As I stated in my post about the recent Supreme Court decisions regarding “campaign finance reform”, IMO there is entirely too much focus on what is said to influence elections rather than how the elected are influenced after the fact. Well, here’s disagreement on that front from somewhere I didn’t expect:
The Supreme Court loosened restrictions on campaign financing this week by ruling that corporations and unions are entitled to run a wider variety of political ads in the final weeks of federal elections.
This was good news for corporations and unions.
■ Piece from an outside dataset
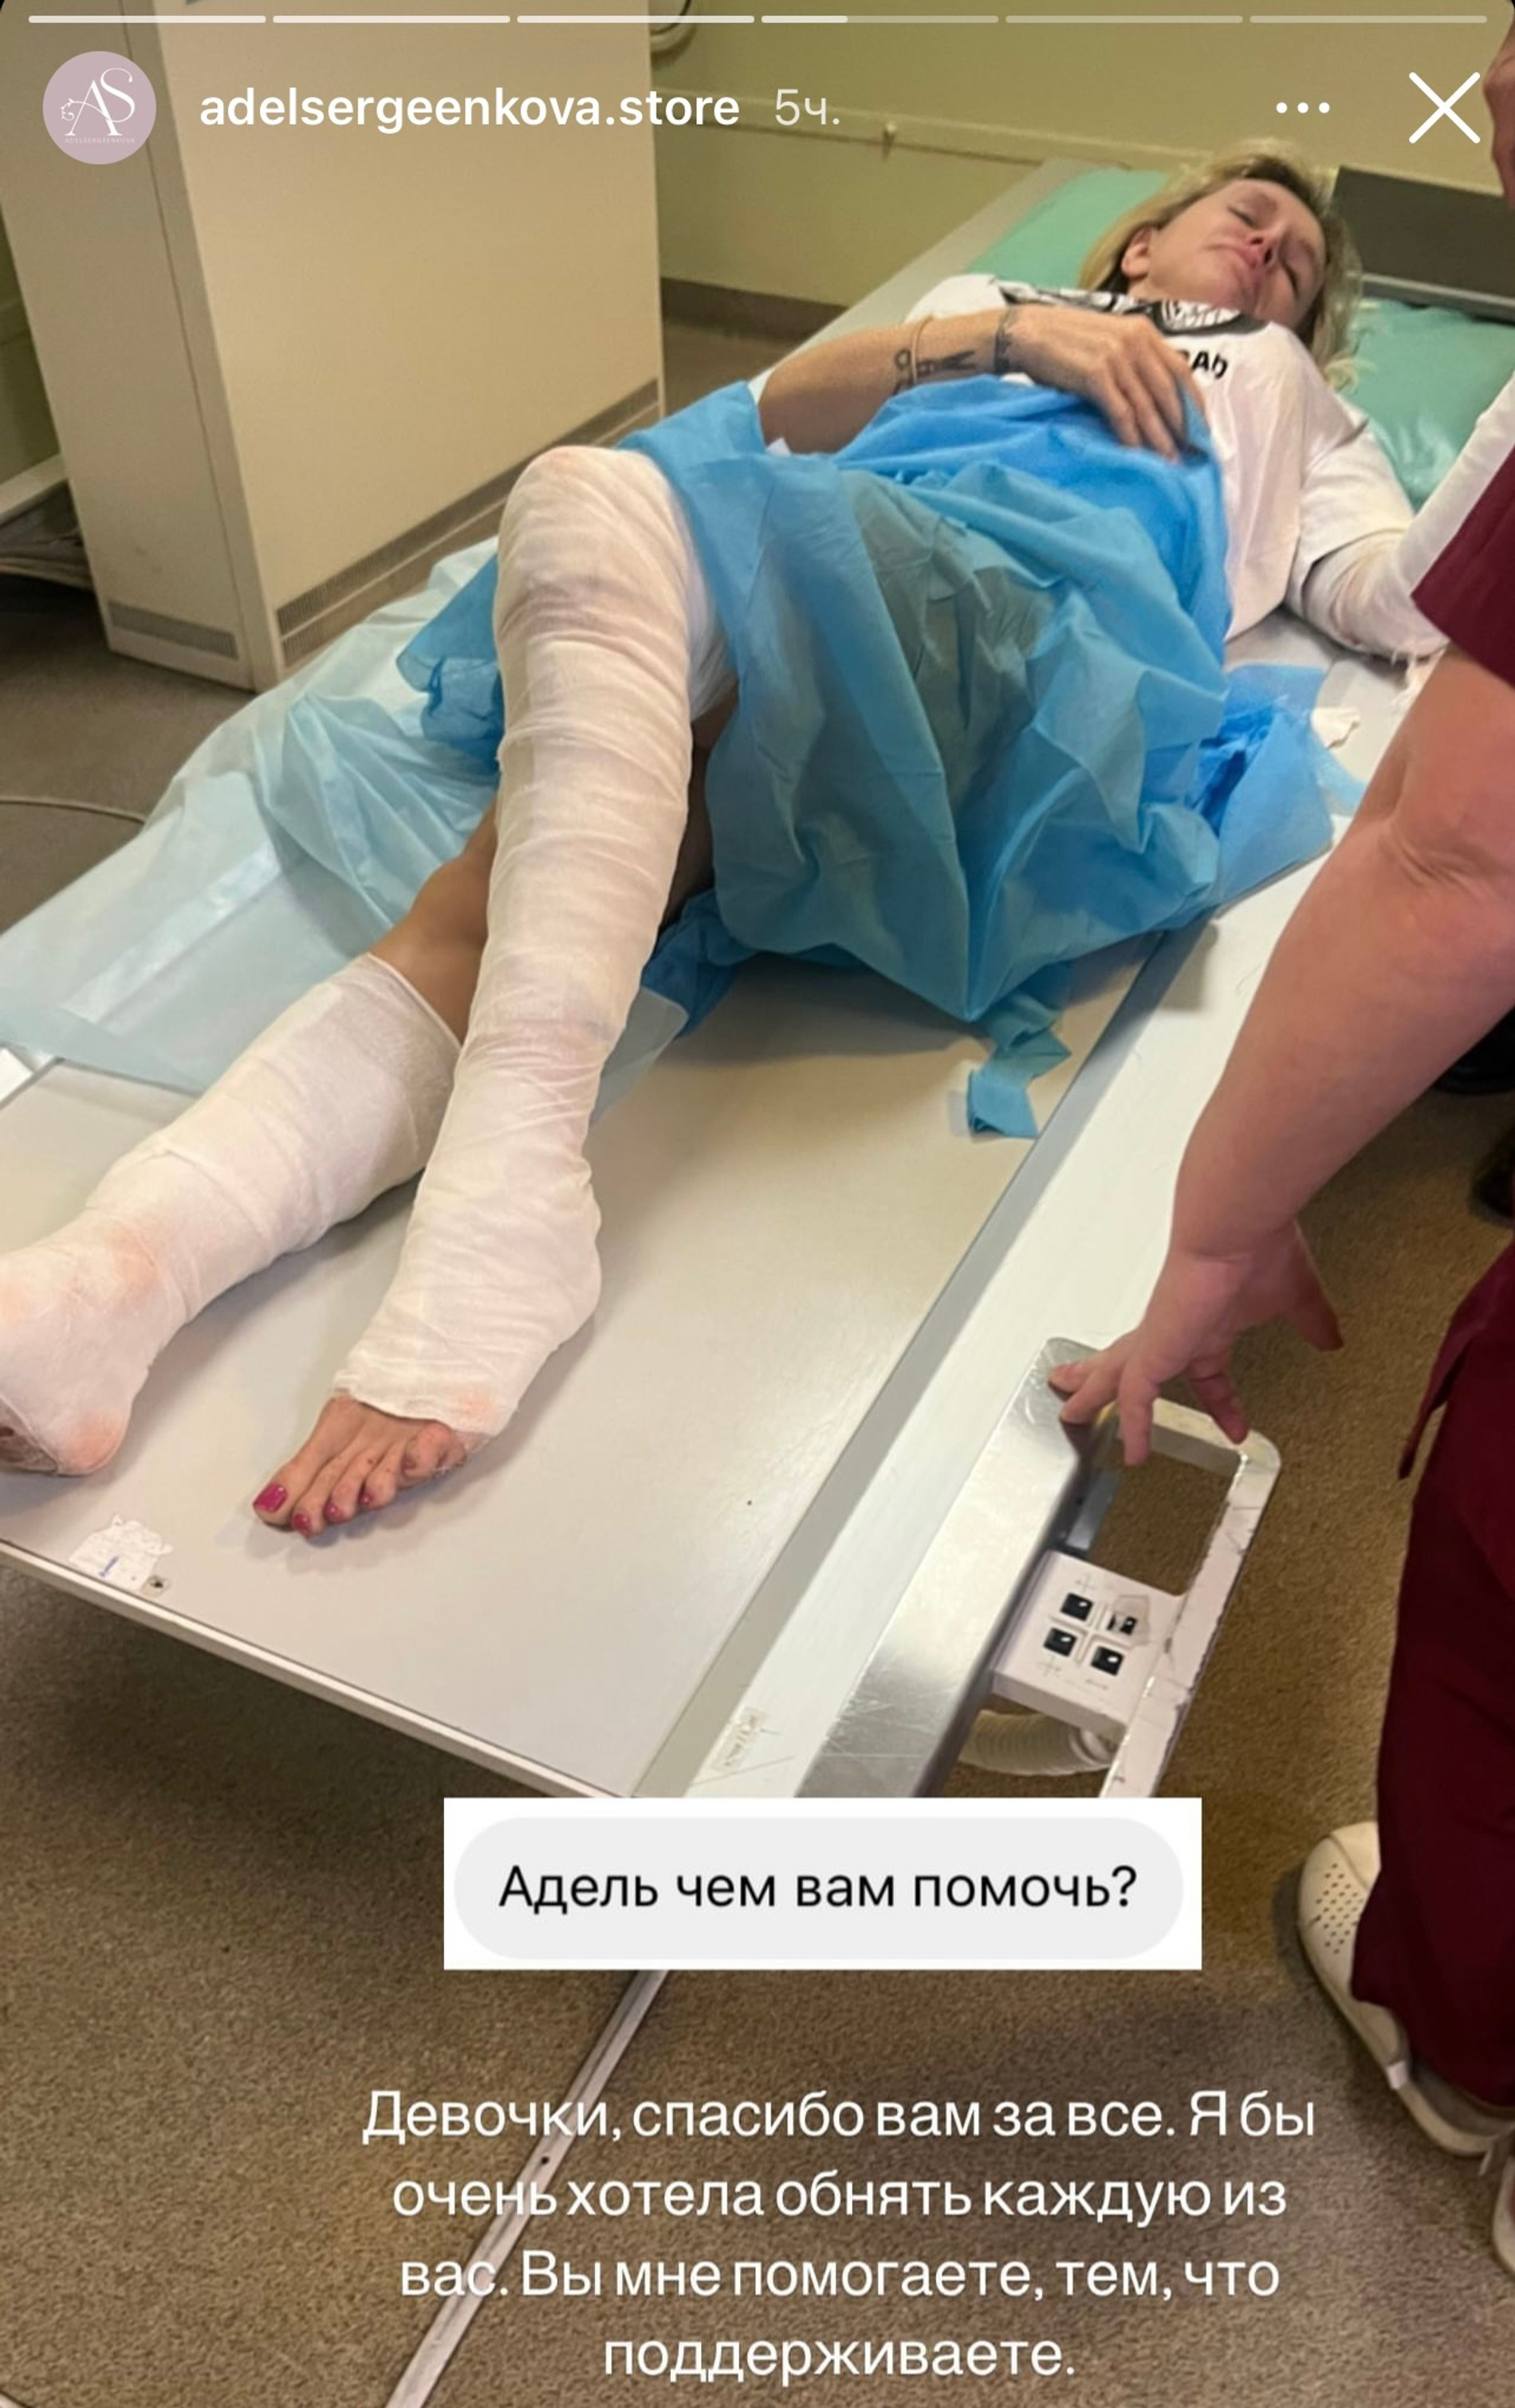 Адель Сергеенкова после аварии
Фото: Инстаграм (запрещен в РФ) @adelsergeenkova.store

And bad news for Shannon Tracey.
Tracey is local projects director of Democracy Unlimited of Humboldt County, a grassroots group dedicated to repealing the notion of corporate personhood — a legal distinction that grants constitutional rights to businesses and other organizations.
“It’s awful that the court is continuing to uphold the idea that companies have what should be rights for human beings,” Tracey said of Monday’s decision, in which the justices backed a lower-court ruling that a Wisconsin anti-abortion group should have been allowed to air ads during a 2004 Senate race.
In case anyone who reads this site hasn’t figured it out by now, I also oppose corporate personhood. The sooner it gets realized that a corporation is merely a group of people & not some mythical immortal creature, the better. So, in spirit, I sympathize. Where I think this group goes wrong is in blurring the distinction between the favors corporations get and political speech. Besides, ads are just about the worst way of extracting anything out of the political arena, precisely because it’s so easy to follow the money anyway. The real corruption happens AFTER election day, and due to its roots in the inherent inability of central government to be truly representative, it can only be solved by anti-state means.